SAP will assume restructuring costs of up to € 950 million.
SAP is the most valuable technology company in Europe.
Key indicators showed signs of weakness in the fourth quarter.

SAP will incur a restructuring charge of up to € 950 million ($ 1 billion) to reorganize after the slowdown in the growth of parts of the software company in the last three months.

SAP, Europe's most valuable technology group, will reallocate some employees and provide early retirement to others, but still expects its workforce to exceed 100,000 by the end of 2019, up from 96,500 at the beginning of the year.

"We are not reducing costs, we are a growing company," Chief Executive Bill McDermott told Reuters in an interview on SAP's large campus in Walldorf, Germany, adding that the restructuring was not a cost reduction exercise.

SAP will take costs of 800 to 950 million euros mainly in the first quarter. This seems a slight advantage in 2019 and savings of 750 to 850 million EUR from 2020.

The reshuffle follows SAP's announcement of 2018 results that met or exceeded the company's three times higher guidance on non-IFRS earnings and earnings at constant exchange rates.

However, key indicators showed signs of weakness in the fourth quarter, with growth in new cloud bookings falling to 37 percent from 37 percent in the third quarter.

Underlying non-IFRS operating margins, at constant exchange rates, were reduced by 1.5 percentage points during the quarter, to 33.2%, as a result of SAP's implementation of the accounting for hyperinflation for crisis markets in Latin America such as Venezuela.

The numbers illustrate the challenge that SAP continues to face as it moves from its traditional model of running processes such as finance or logistics to on-premise servers to hosting on remote data centres.

The legacy software licensing industry, which generates huge upfront costs, continues to generate profits.

The cloud is driving growth, but margins are tighter, with SAP seeking to expand and competing with competitors such as Salesforce and Oracle.

Client experience

McDermott, a 57-year-old American, has expressed concern that the weakening global economy and trade friction between the US and China is weighing down on SAP's business, saying his company is not as exposed the economic cycle as the players of the technological equipment.

"We do not see this, "McDermott said that the individual risk factors, such as the impending exit of Britain from the European Union, were offset by the company's global reach..

Shares fell 2.1% to 90.41 euros at 08:44 GMT, making them the worst-performing countries in the German DAX index.

"The only surprise for us is the announcement of a major restructuring program for fiscal year 19," said a Credit Suisse analyst. "It seems likely that the vast majority (cost savings) will be reinvested in the business," they said.

SAP, which has just completed its $ 8 billion acquisition of Qualtrics, a US-based company that monitors customer sentiment online, has amplified the impact of this deal on a revenue forecast for 2019 of 28.6 percent. to 29.2 billion euros.

However, it maintained its forecast of non-IFRS operating profit unchanged from 8.5 billion euros to 9.0 billion euros, up 7.5% to 11.5% year-on-year.

McDermott said Qualtrics would add a "customer experience" dimension to SAP's core strengths.
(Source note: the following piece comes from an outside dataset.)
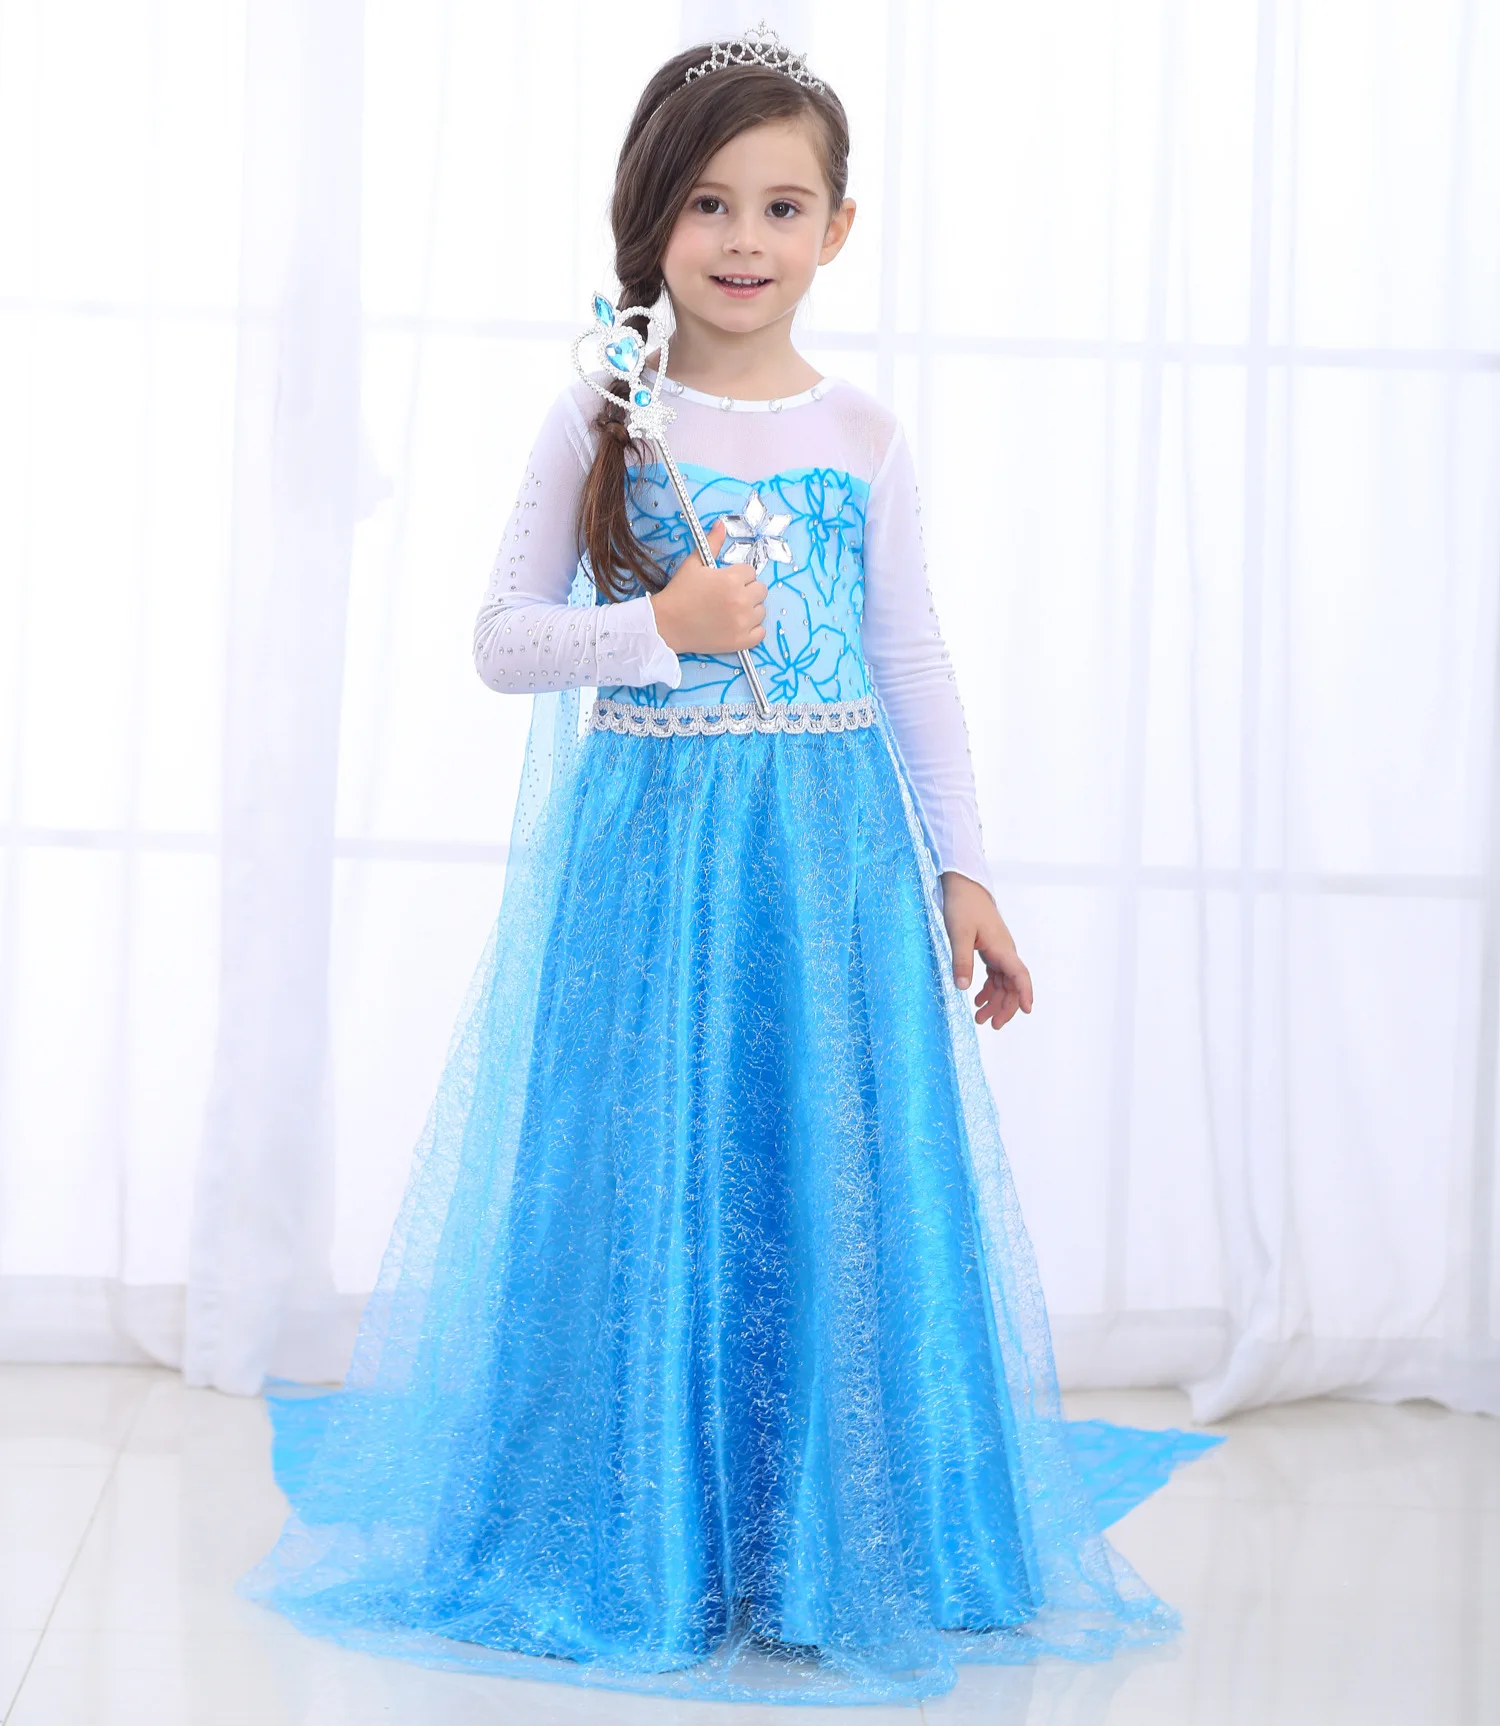 

MQATZ New Kids Girls Fancy Elsa Anna Snow white belle Cinderella Princess Costume Deluxe Dress Up Cosplay Birthday Party, Blue

The combination "21st century winner becomes the defining strategy for the company," he said.

Giving its first forecast for 2023 in anticipation of New York's Financial Markets Day on February 7, SAP said it was more than triple the revenue from cloud and support subscriptions.

Total revenues would reach 35 billion euros and operating profits would increase at an annual rate of 7.5 to 10%.